She started. Had she not used the same word in thinking of Askatoon.
"_That_," she had said.
"Why do you want to go the 'quick' way to Askatoon?" she asked again, her face pale, her foot beating the floor impatiently.
"To save him before _dat_!" he answered, as though she knew of what he was speaking and thinking.
"What is _that_?" she asked. She knew now, surely, but she must ask it nevertheless.

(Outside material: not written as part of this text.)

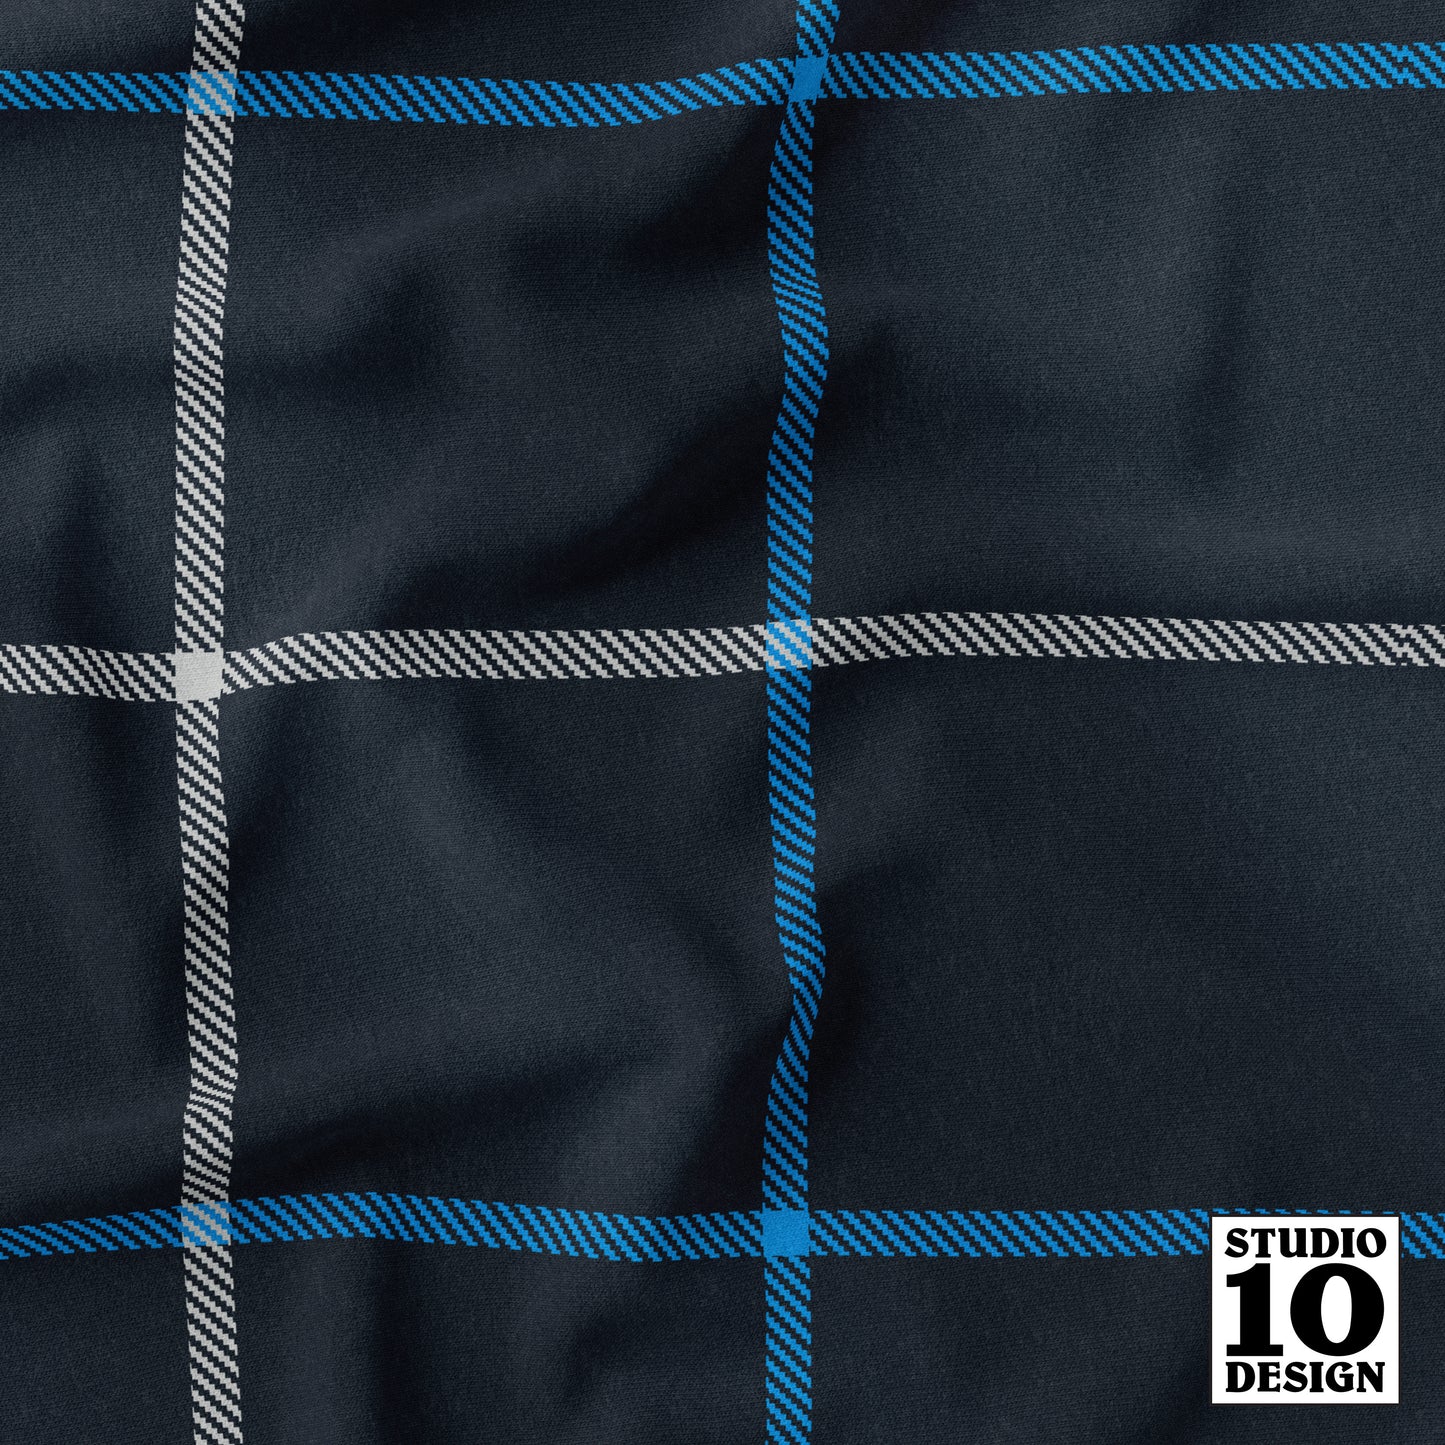 Team Plaid Carolina Panthers Football Printed Fabric by Studio Ten Design

"Dat hanging--of Haman," he answered. He nodded to himself. Then he took to gazing into the fire. His lips moved as though talking to himself, and the hand that held the pipe lay forgotten on his knee.
"What have you to do with Haman?" she asked, slowly, her eyes burning.
"I want safe him--I mus' give him free." He tapped his breast. "It is here to mak' him free." He still tapped his breast.
For a moment she stood frozen still, her face thin and drawn and white; then suddenly the blood rushed back into her face, and a red storm raged in her eyes.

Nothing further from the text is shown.